Vertex believes a network of about 50 authorized treatments centers in the U.S., and 25 in Europe, should suffice for its sickle cell disease and beta thalassemia gene therapy candidate exagamglogene autotemcel, or exa-cel, Chief Operating Officer Stuart Arbuckle told investors during a conference call Tuesday.

About 32,000 patients in the U.S. and Europe with severe disease will form the target population for the CRISPR Therapeutics-partnered exa-cel, and they are geographically concentrated, Arbuckle said. These patients require multiple hospitalizations annually for vaso-occlusive crises or are dependent on frequent blood transfusions.

Vertex and CRISPR Therapeutics started submissions of exa-cel in sickle cell disease and beta thalassemia in November 2022. The regulatory progress has moved a bit faster outside the U.S., as the European Medicines Agency and U.K. authorities have already validated the filings. In the U.S., Vertex expects to complete a rolling submission by the end of March, CEO Reshma Kewalramani said on the call.

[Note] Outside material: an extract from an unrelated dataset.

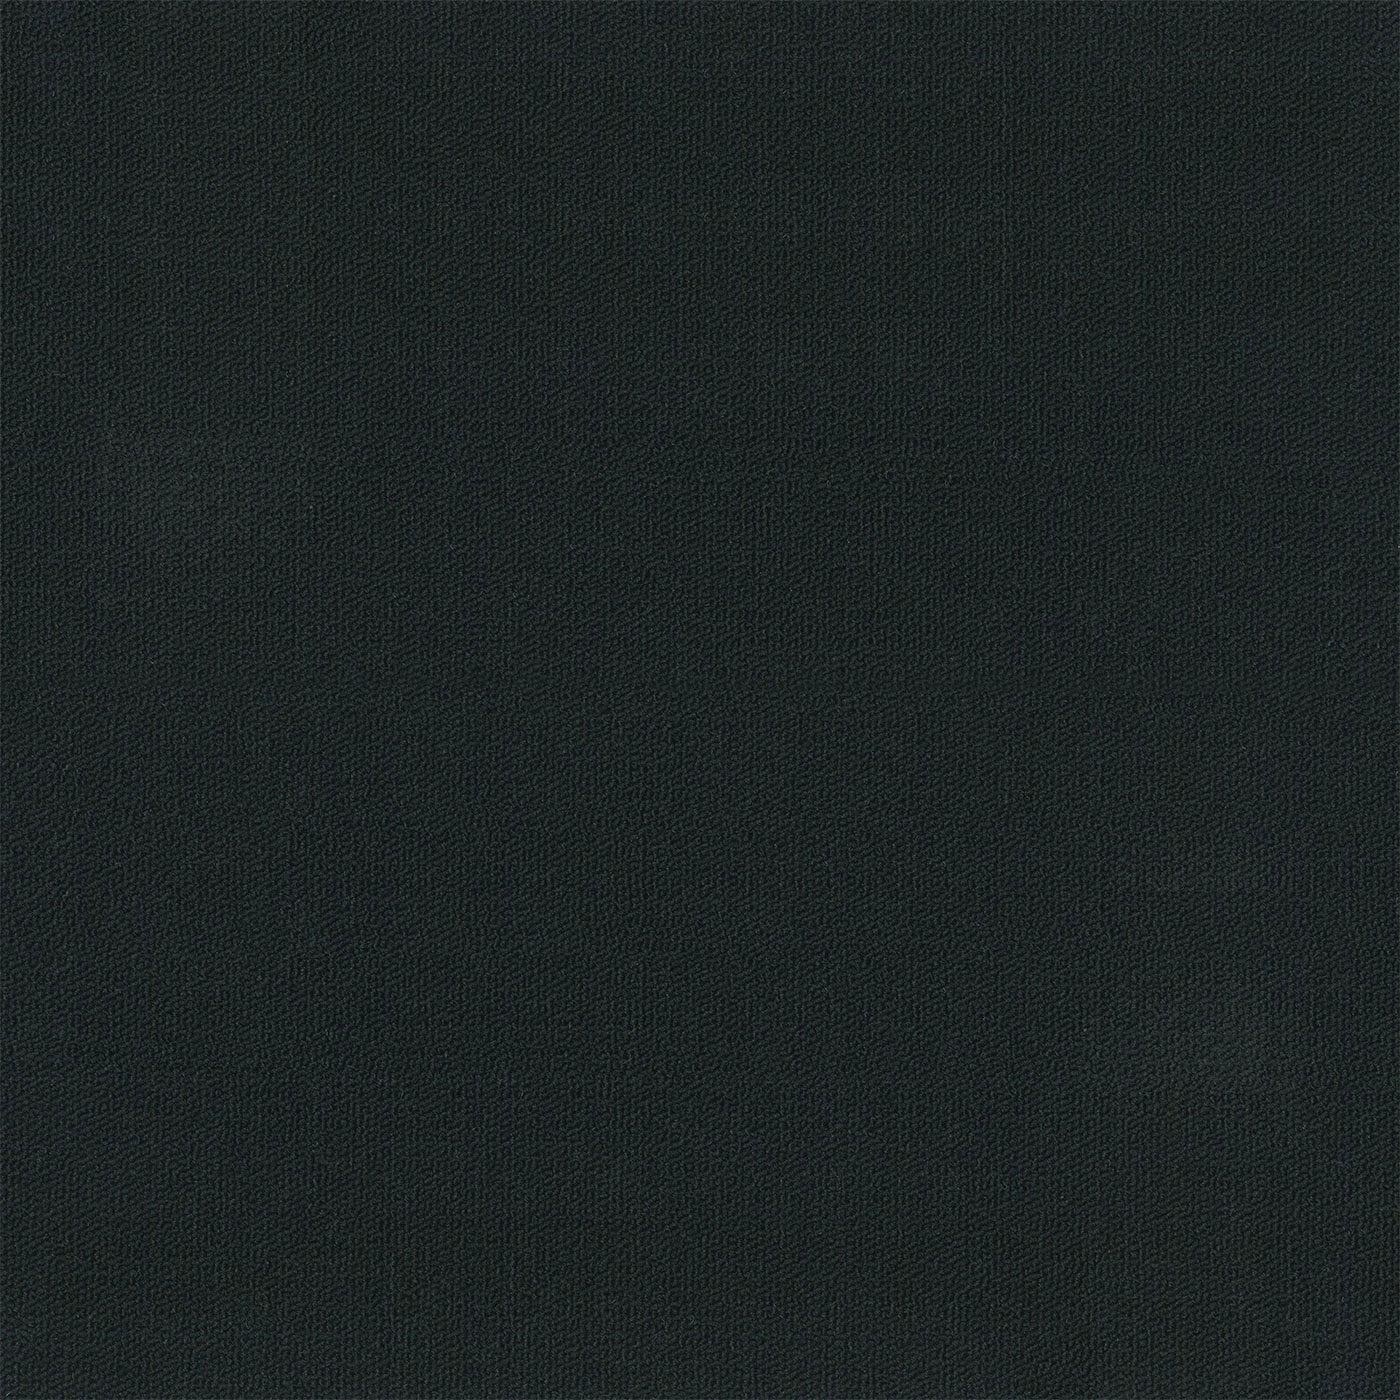 black - photo #37

In preparation for the launch, Vertex has established a supply chain, including buidling needed manufacturing capacity, Arbuckle noted.

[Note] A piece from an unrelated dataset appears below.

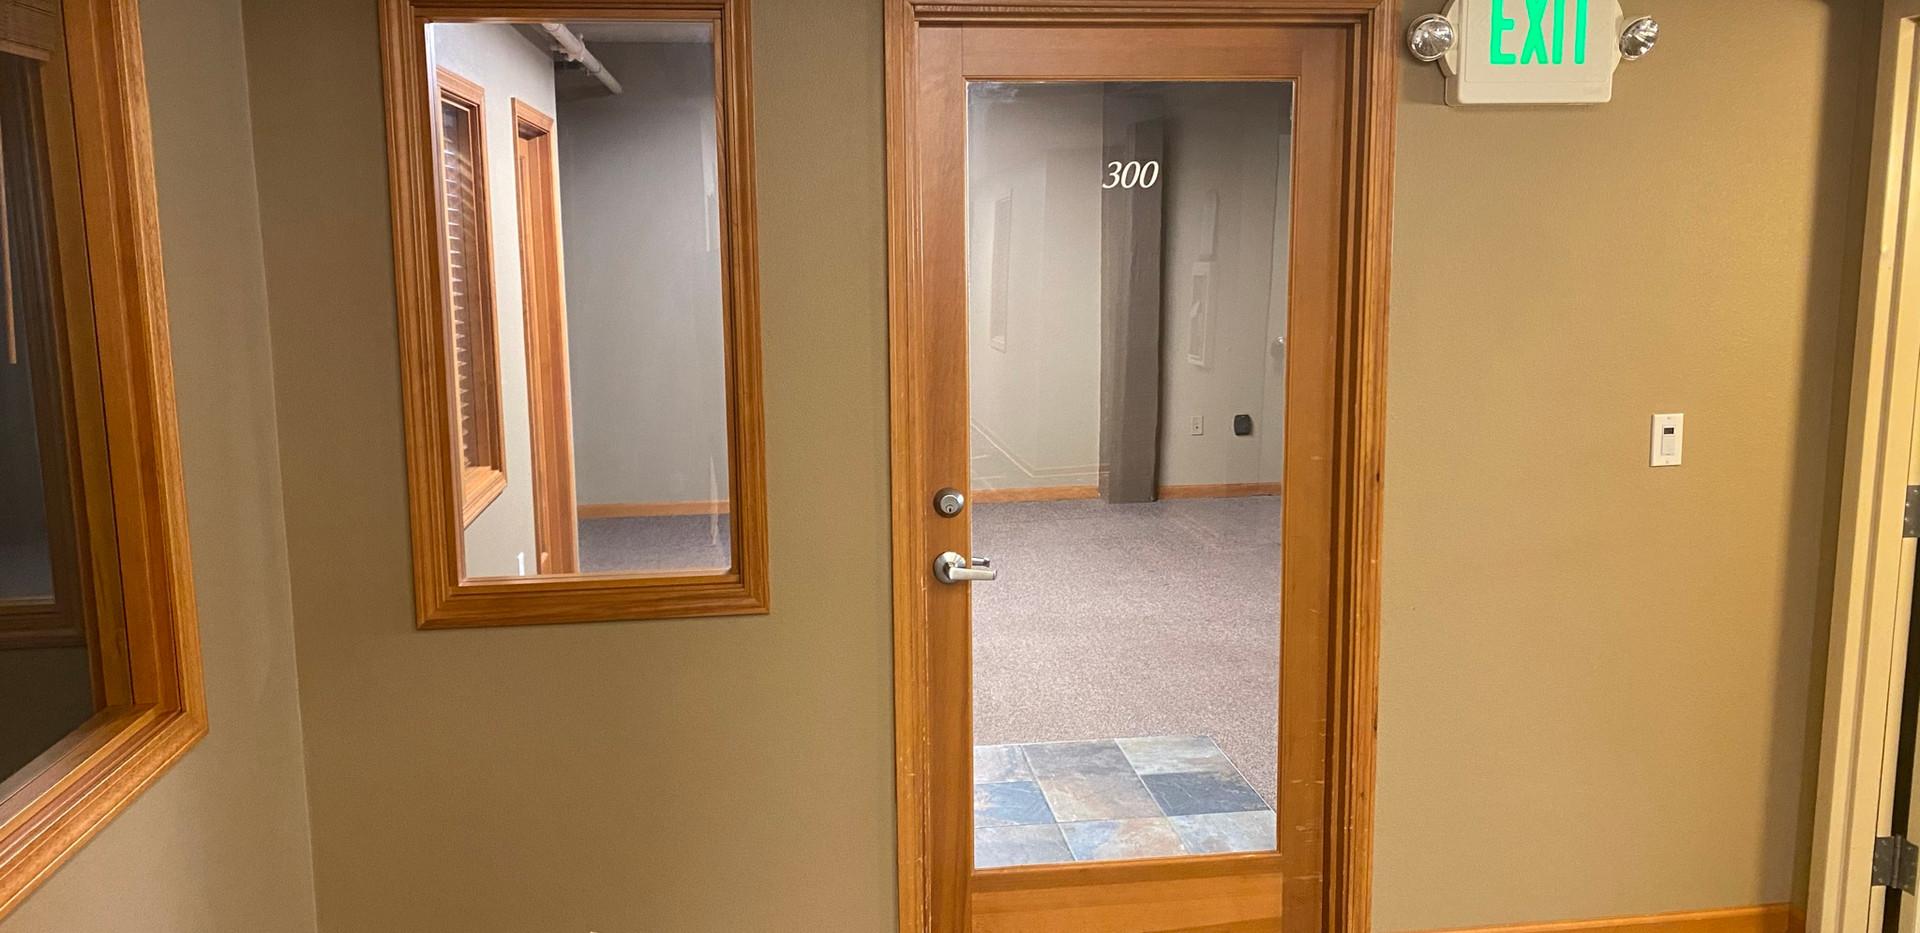 300 Hall Entrance

Pricing has always been a sticking point for gene therapies. In the U.S., treatment costs for severe sickle cell disease patients range between $4 million and $6 million over a lifetime, Arbuckle said. Even if the companies were to price exa-cel at the lower end of that estimate, the one-time drug would break the $3.5 million drug-price record recently set by CSL’s hemophilia B gene therapy Hemgenix.

If approved, exa-cel will be the first gene editing therapy based on the Nobel-winning CRISPR technology. But it will likely have to compete with bluebird bio’s rival gene therapy lovo-cel in sickle cell disease and Zynteglo in beta thalassemia. Bluebird is pricing Zynteglo at $2.8 million and has said it will file lovo-cel for an FDA approval by March.

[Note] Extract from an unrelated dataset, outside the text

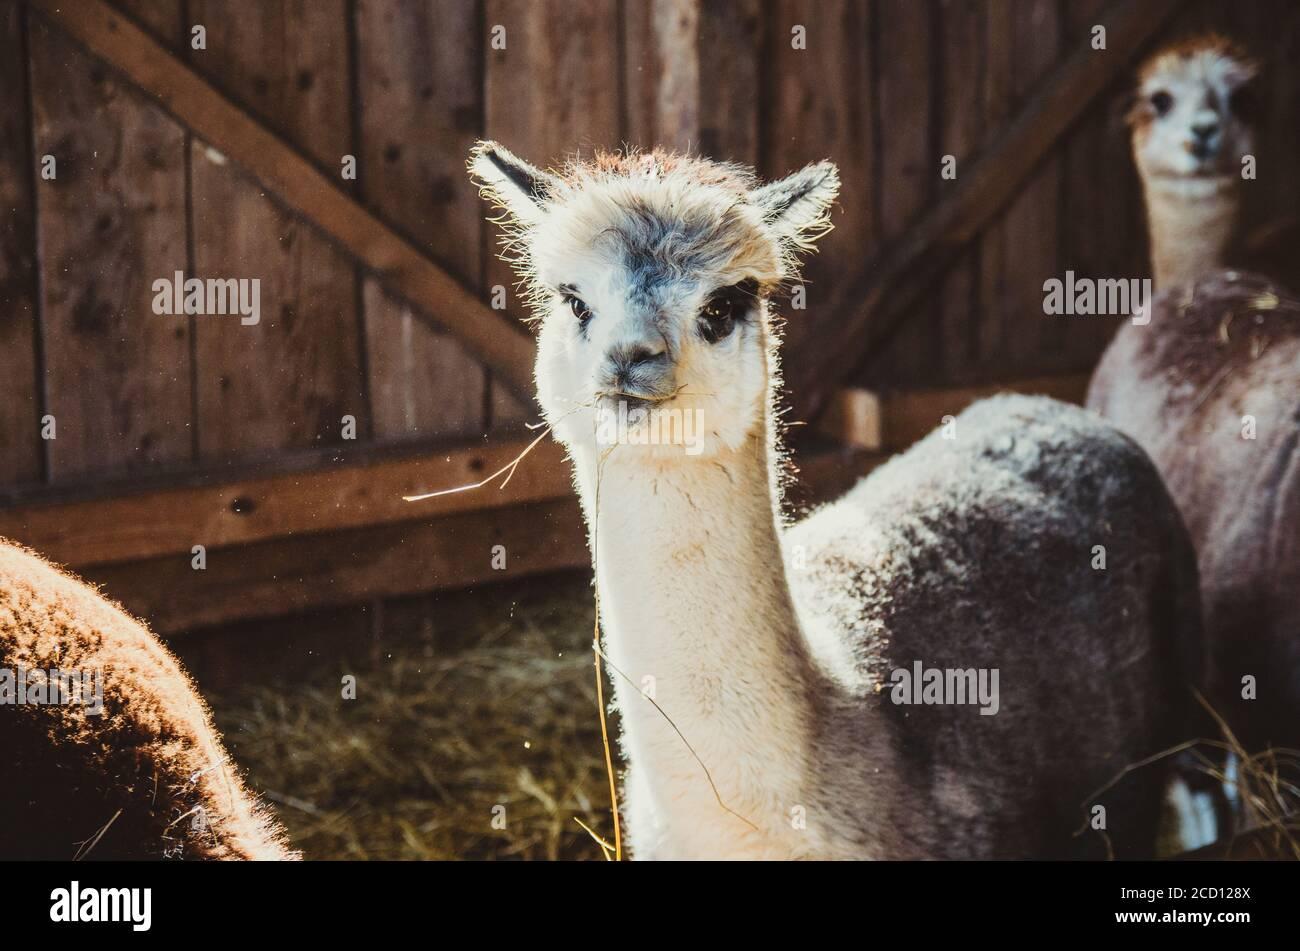 Cute alpaca in the barn eating hay Stock Photo

Before Zynteglo’s U.S. approval in August, bluebird previously retreated from the European market after failing to reach reimbursement agreements with local governments.

Hoping not to repeat bluebird’s experience, Vertex is busy talking to commercial and government payers and policymakers in the U.S. and Europe. The company aims to ensure that broad patient access and reimbursement deals are in place when exa-cel is approved, Arbuckle said.

According to Arbuckle, Vertex has talked with all U.S. state Medicaid agencies, plus about 150 U.S. commercial payers and several health economic assessment bodies in Europe, including Britain’s National Institute for Health and Care Excellence. So far, payers see exa-cel’s clinical data as “highly impactful,” especially in its ability to reduce in vaso-occlusive events and hospitalizations, he said.

Exa-cel is different from the bluebird medicines. Rather than using viral vectors to deliver a functional HBB gene, the Vertex-CRISPR therapy uses CRISPR to turn off the suppression of fetal hemoglobin and thus increase the amount of healthy hemoglobin in red blood cells.

Recent market research suggests that physicians “have a strong preference and interest in gene editing over other potentially curative approaches,” Arbuckle said, suggesting potentially better reception of exa-cel versus lovo-cel.

Vertex is not giving any sales projections for exa-cel in 2023, citing uncertain approval dates.